According to Jung Youn Park of Sungkyunkwan University, “the type of discrimination against persons with disabilities in South Korea [in the past] was seen mainly as being related to the physical environment and social systems.” Yet, with the emergence of anti-discrimination laws — such as the Act on the Prohibition of Discrimination Against Persons with Disabilities (Act No. 14839) — discrimination has still prevailed through microaggressions, which can be seen in “Extraordinary Attorney Woo.”

In addition to revealing how members of South Korean society contribute to the growing discrimination against people with disabilities, the legal drama also confronts religious pressures — specifically pointing to the Christian versus Buddhism debate — as well as same-sex love, domestic violence and oppressive hierarchical systems.

The impact of “Extraordinary Attorney Woo” can not only be seen in its rankings and high viewership, but also in the explosion of conversation throughout the streets of Seoul. While walking around clothing stores, sitting in subways or sipping coffee at cafes, “Woo Young-woo” or “the autistic lawyer” can be heard everywhere, becoming an echo that has spread throughout the city. 

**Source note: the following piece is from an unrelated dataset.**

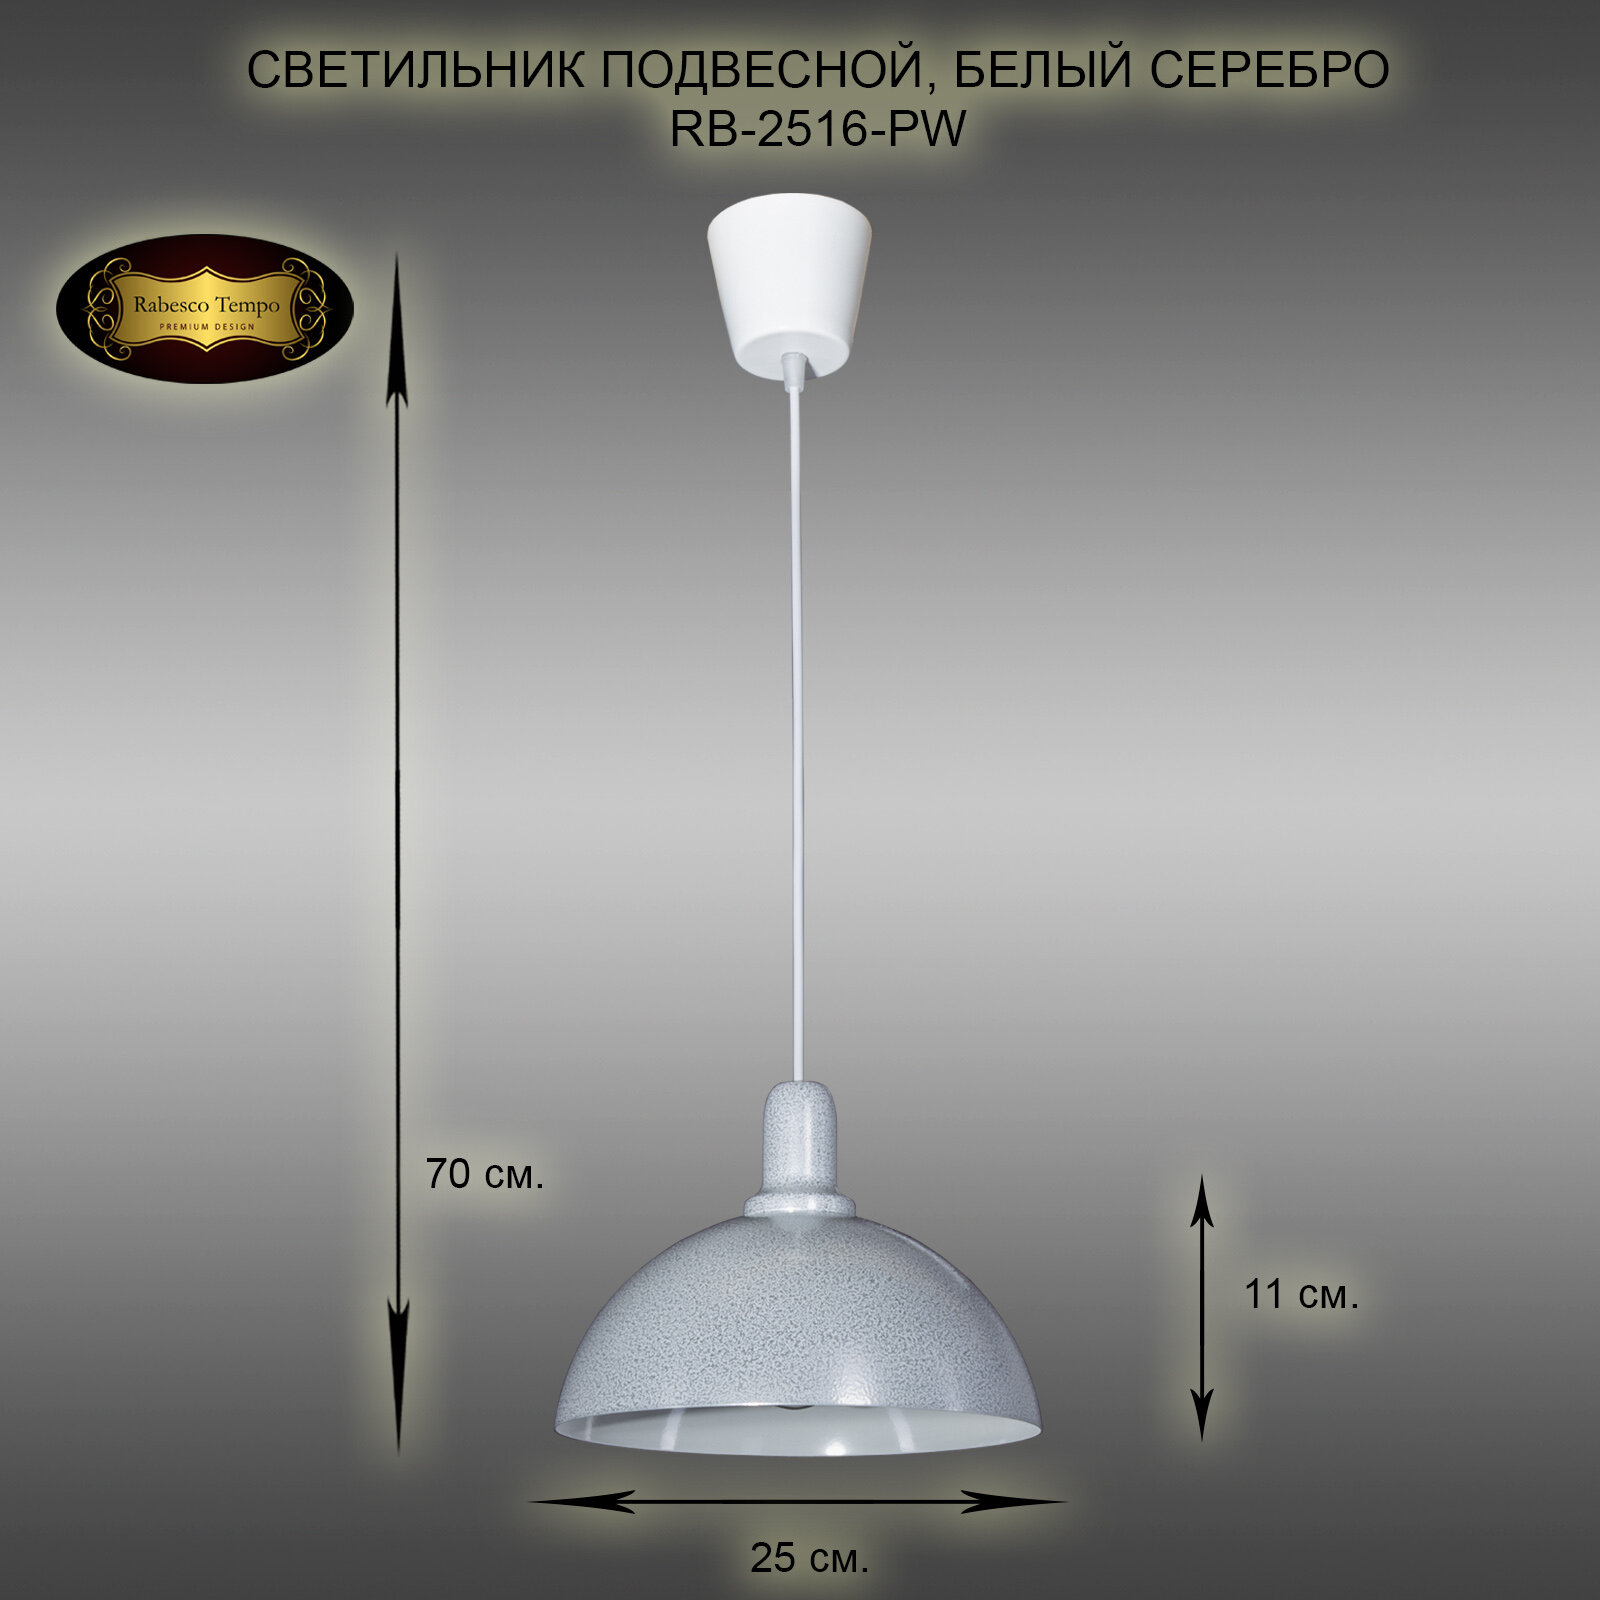 Подвесной светильник, люстра подвесная Rabesco. Арт. RB-2516/1-PW, E27, 40 Вт. Цвет белый с серебром.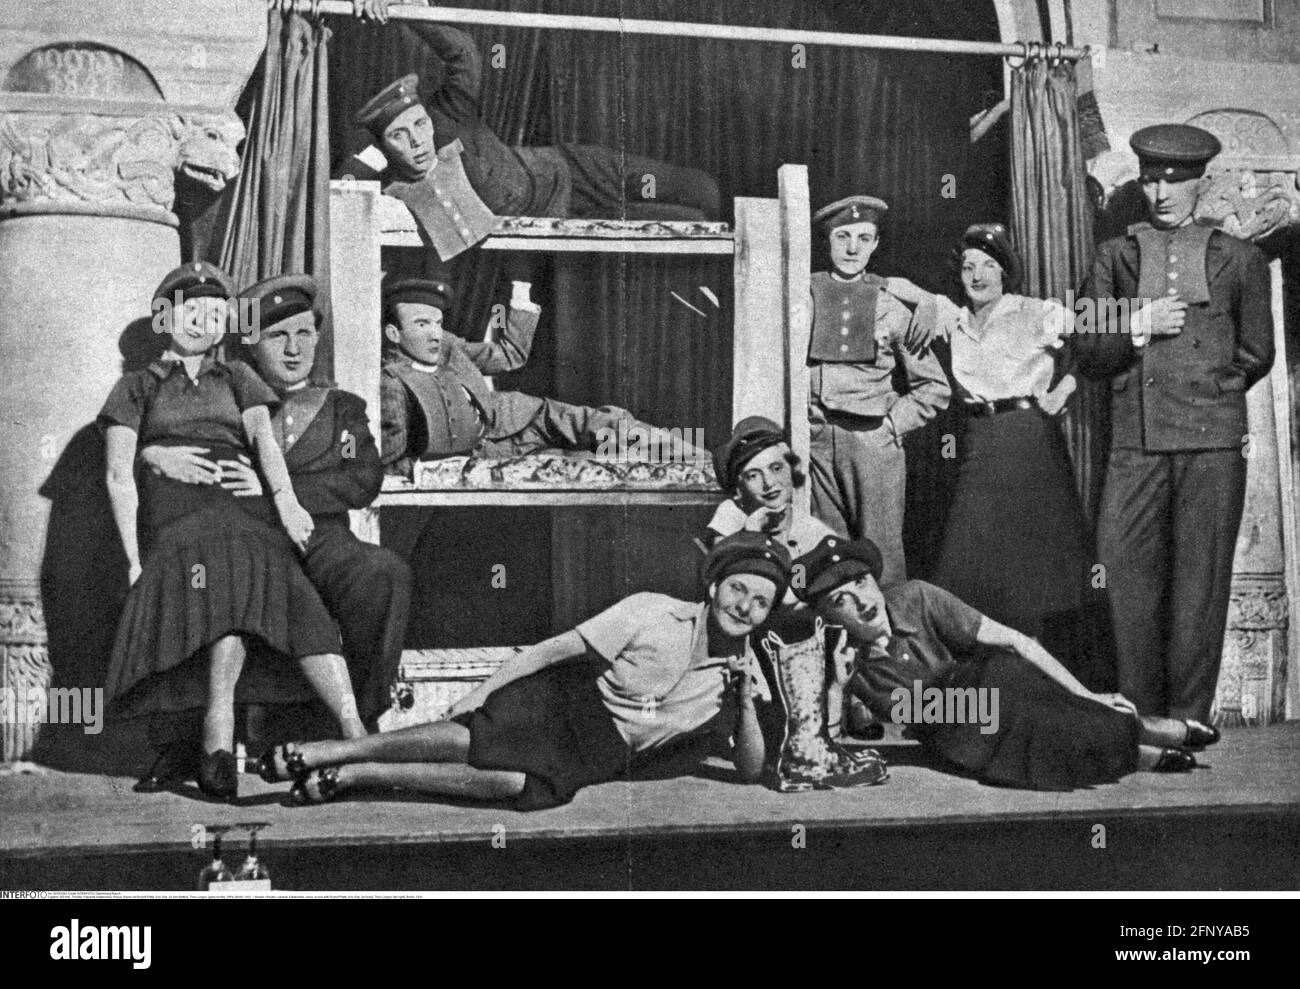 théâtre / théâtre, cabaret, Katakombe, revue, scène avec Rudolf Platte, Eric Ode, (dans les lits), DROITS-SUPPLÉMENTAIRES-AUTORISATION-INFO-NON-DISPONIBLE Banque D'Images

Although many viewers speak positively about the show and its featured stories, voices drop to a whisper and eyes dart while using the terms “autistic,” “gay” or “disabled.” Further, several of these viewers have critiqued the drama as fantastical, with one user who commented on an article by The JoongAng writing that “even if a thousand years pass Korean culture will never change.”

Regardless, “Extraordinary Attorney Woo” is quickly becoming the top “healing drama” in South Korea and around the world, as indicated by its growing audience. As the legal drama continues to feature controversial topics and stories on such a large platform, its viewers are forced to confront prominent issues that are often turned away from due to their taboo nature. 

In an era where more and more areas of conversation are becoming controversial, “Extraordinary Attorney Woo” confronts not only the willful ignorance of individuals, but also the process in which we overcome hardships together as a community.